François Resch revient sur les enjeux et les perspectives du processus de Bologne, alors que la conférence de Bologne 2018 doit se tenir en France du 23 au 25/05/2018.


Le processus de Bologne : quand et pourquoi a-t-il été créé ?

Le processus de Bologne constitue un cadre de références commun pour harmoniser les systèmes d’enseignement supérieur tout en maintenant la diversité. L’objectif est de proposer des diplômes lisibles et facilement comparables permettant leur reconnaissance réciproque et favorisant ainsi la mobilité des étudiants.

L’EEESR (Espace européen de l’enseignement supérieur et de la recherche) a vu le jour à Paris en 1998 par la déclaration de la Sorbonne signée par quatre pays : l’Allemagne, l’Angleterre, la France et l’Italie.

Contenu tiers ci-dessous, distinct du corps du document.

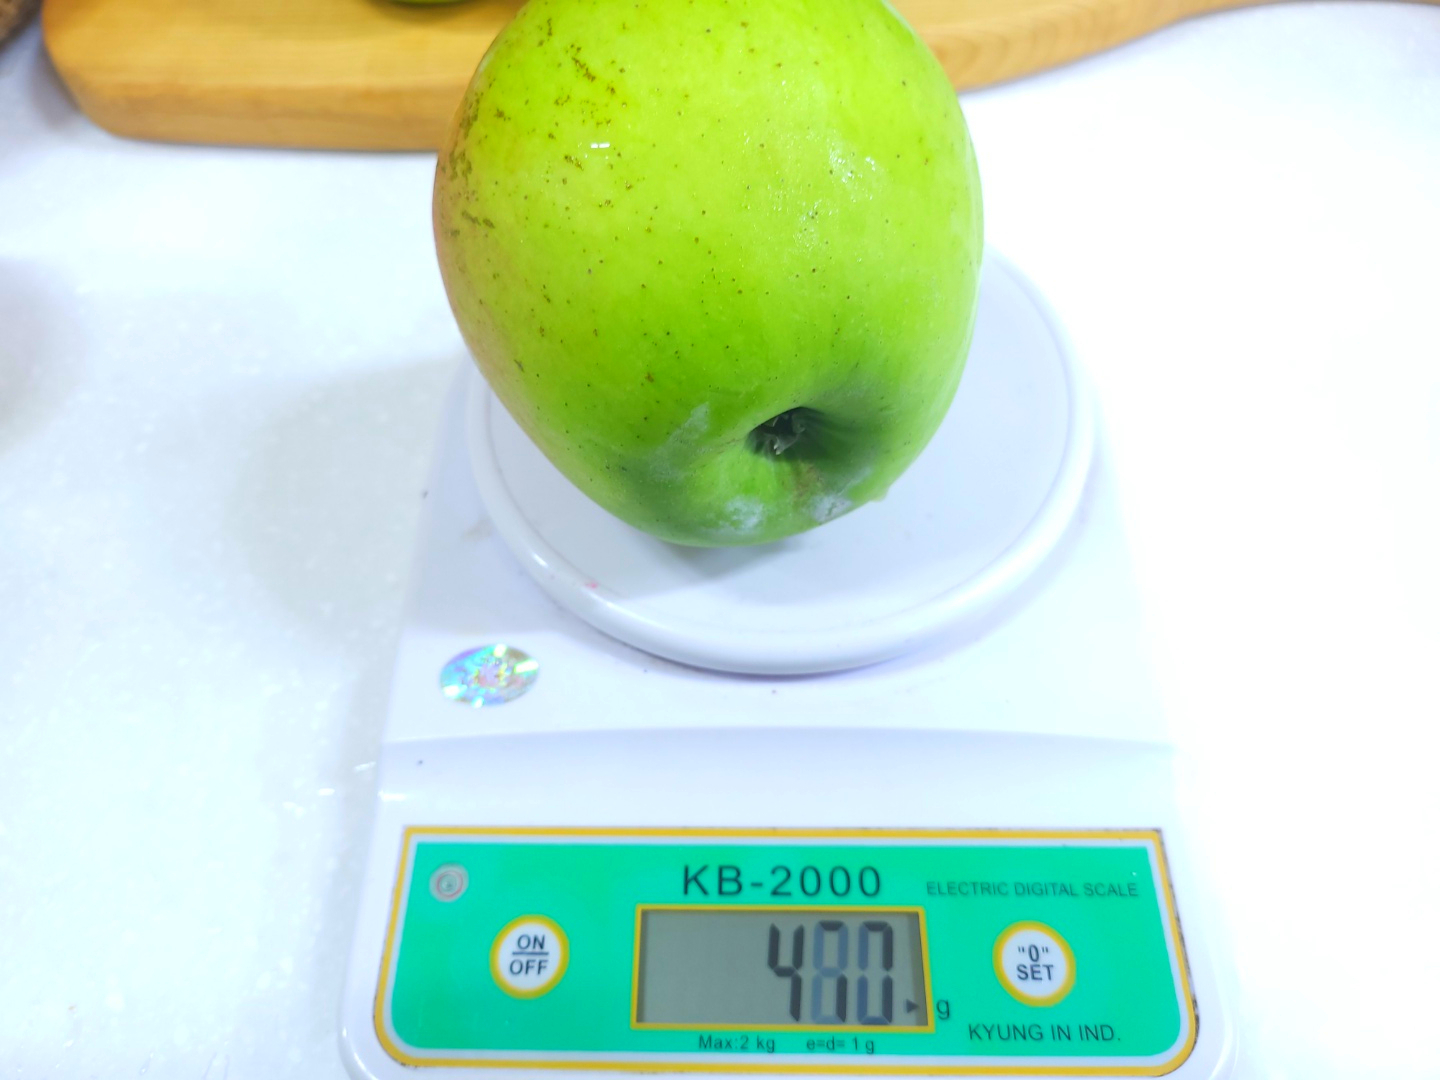 숙성 아오리 사과(청, 적 혼합) 무선별 못난이 2kg, 10kg 판매 안내입니다.(매진되었습니다.)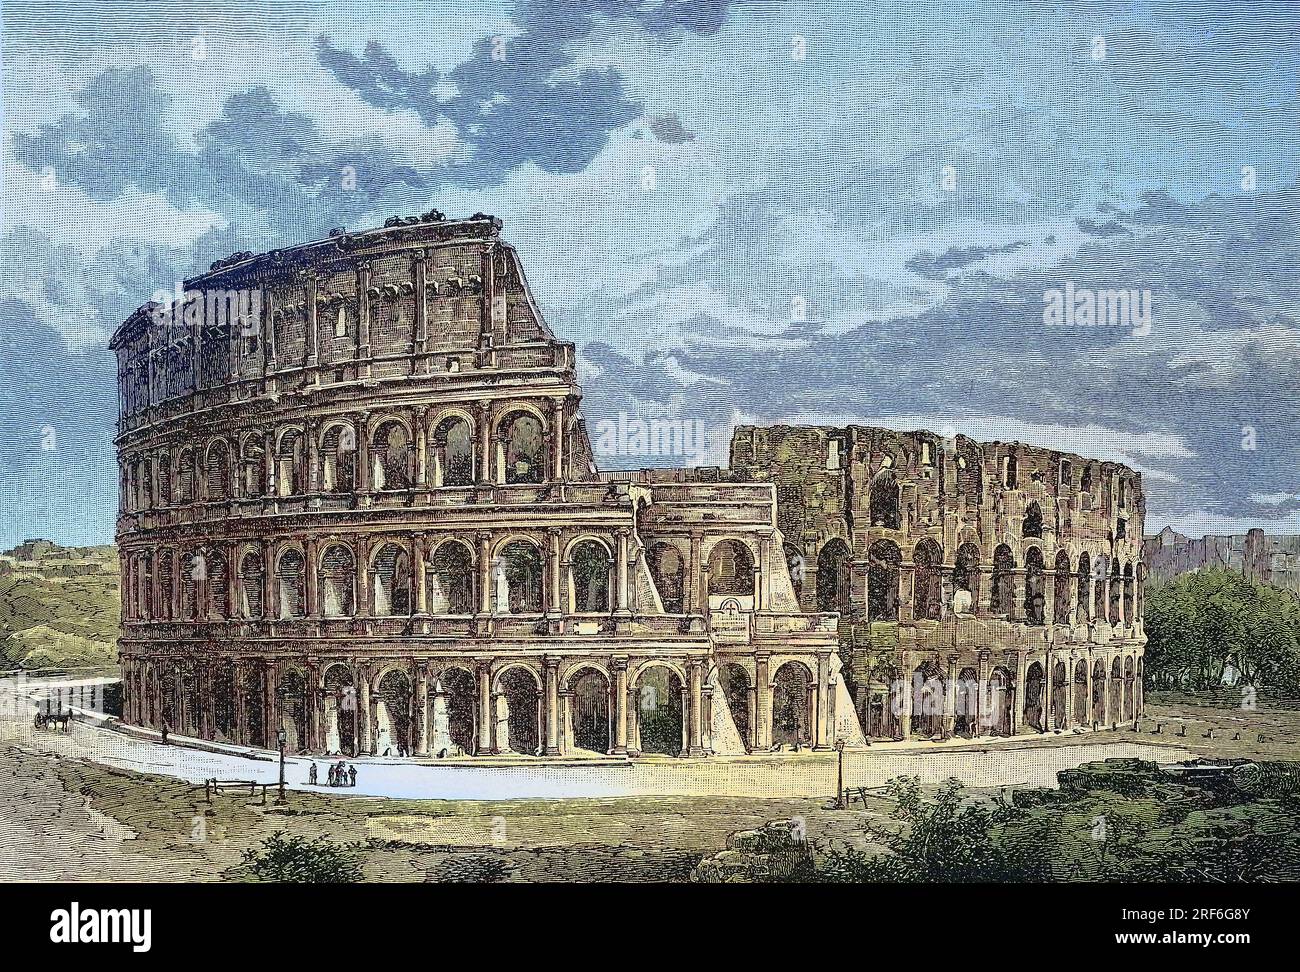 DAS Kolosseum oder Kolosseum, auch bekannt als Flavisches Amphitheater, lateinisch Amphitheatrum Flavium, italienisch Anfiteatro Flavio oder Colosseo, ist ein ovales Amphitheater im Zentrum der Stadt Rom, Italien, digitale verbesserte Reproduktion eines Originaldrucks aus dem 19. Jahrhundert / il Colosseo o Colosseo, noto anche come Anfiteatro Flavio, in latino Amphitheatrum Flavium, in italiano Anfiteatro Flavio o Colosseo, è un anfiteatro ovale nel centro della città di Roma, Italia, riproduzione digitale migliorata di una stampa originale del XIX secolo Foto Stock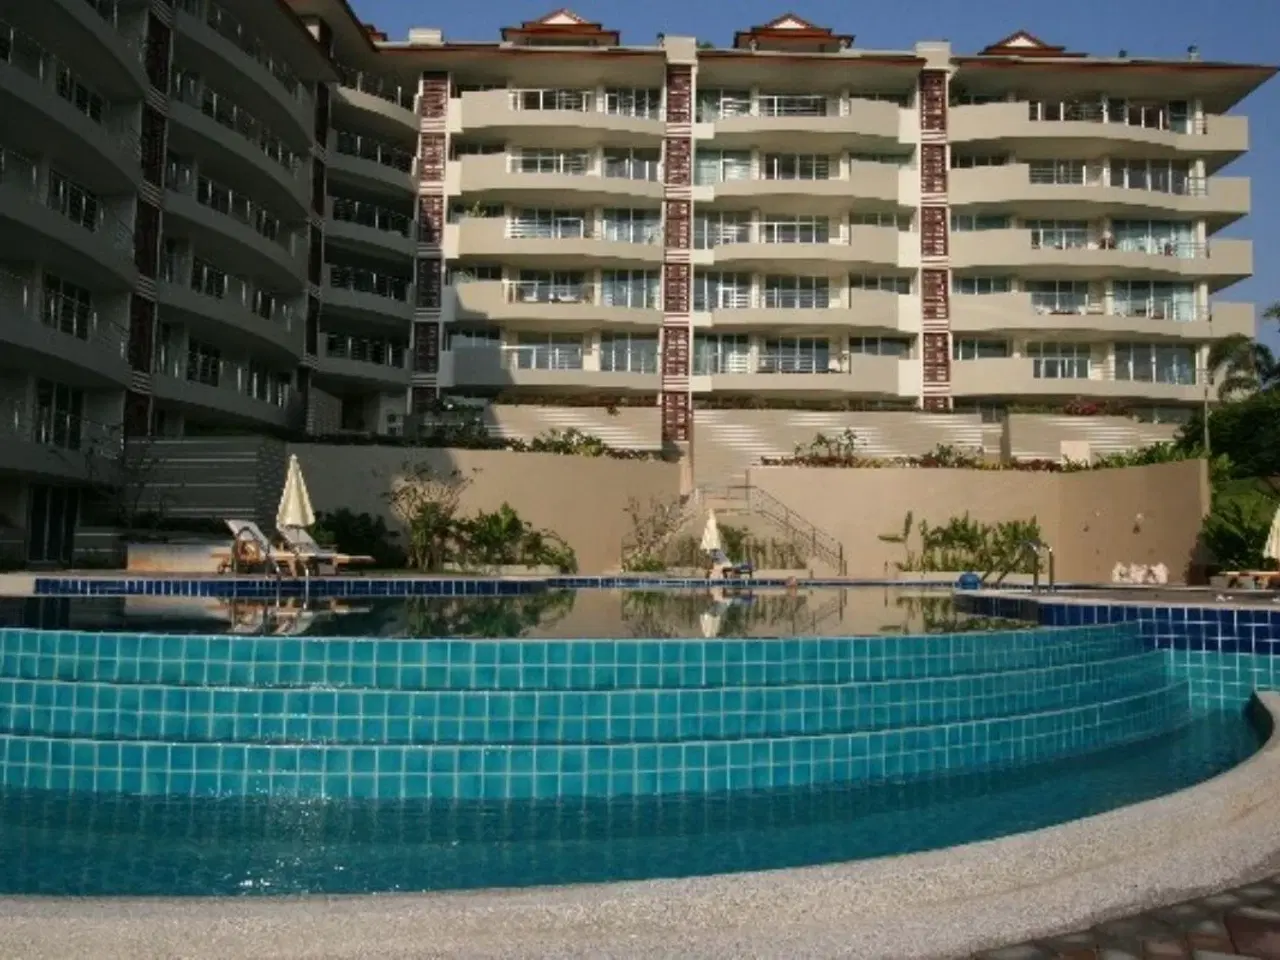 Billede 1 - Lej bolig i Hua Hin Thailand, stor hjørne lejlighed med havudsigt 2 balkoner, 3 soveværelser+ 2 bad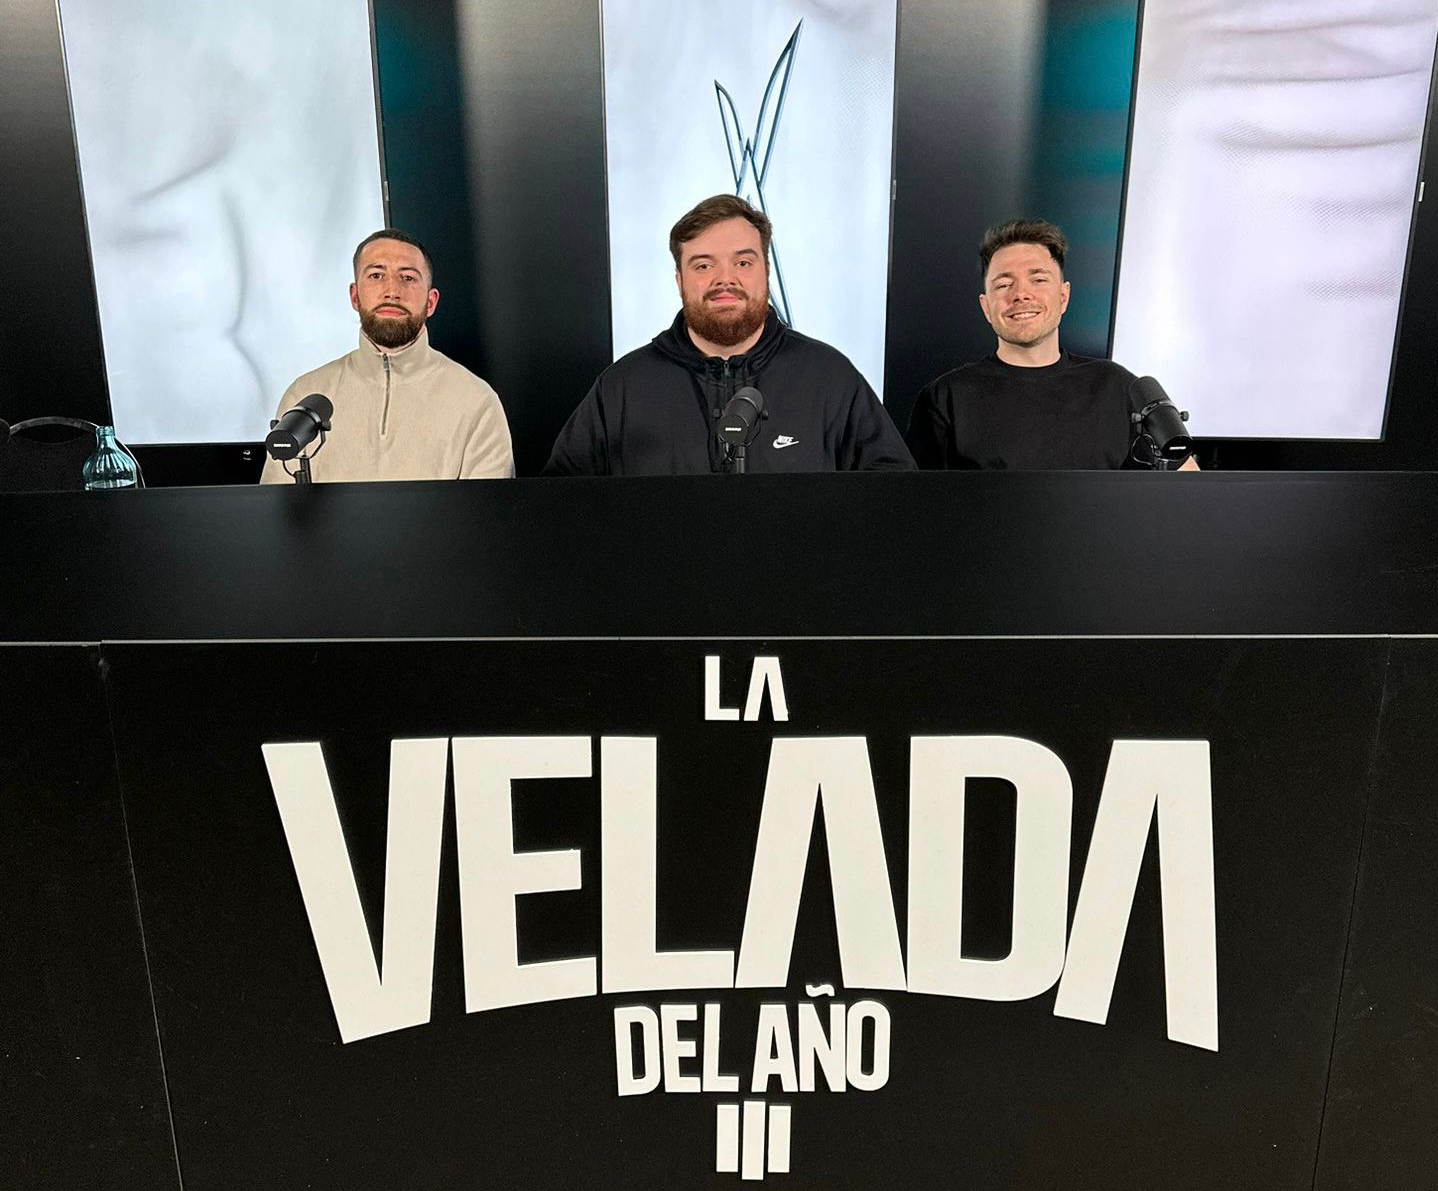 La Velada del Año 3, the boxing event, the most watched live stream

C’est l’année suivante, en 1999 à Bologne, que la création officielle a été signée par 28 pays de l’Union européenne sous le vocable « Processus de Bologne ». Aujourd’hui il concerne 47 pays, dont les 28 de l’Union européenne.

Ce processus identifie aujourd’hui six actions

  • Mettre en place un système facilement compréhensible et comparable de diplômes
  • Organiser les formations sur trois cycles et en semestres
  • Valider les formations par un système d’accumulation de crédits transférables entre les établissements
  • Faciliter la mobilité des étudiants, des enseignants et des chercheurs
  • Promouvoir une coopération européenne en matière d’assurance qualité des enseignements
  • Donner une dimension véritablement européenne à l’enseignement supérieur 

Le processus de Bologne vise à donner une lecture cohérente de l’EEESR sur laquelle chaque système national peut se projeter.

Il appartient donc à chaque pays, et à sa communauté universitaire de décider en toute liberté d’approuver ou de rejeter les principes de ce Processus.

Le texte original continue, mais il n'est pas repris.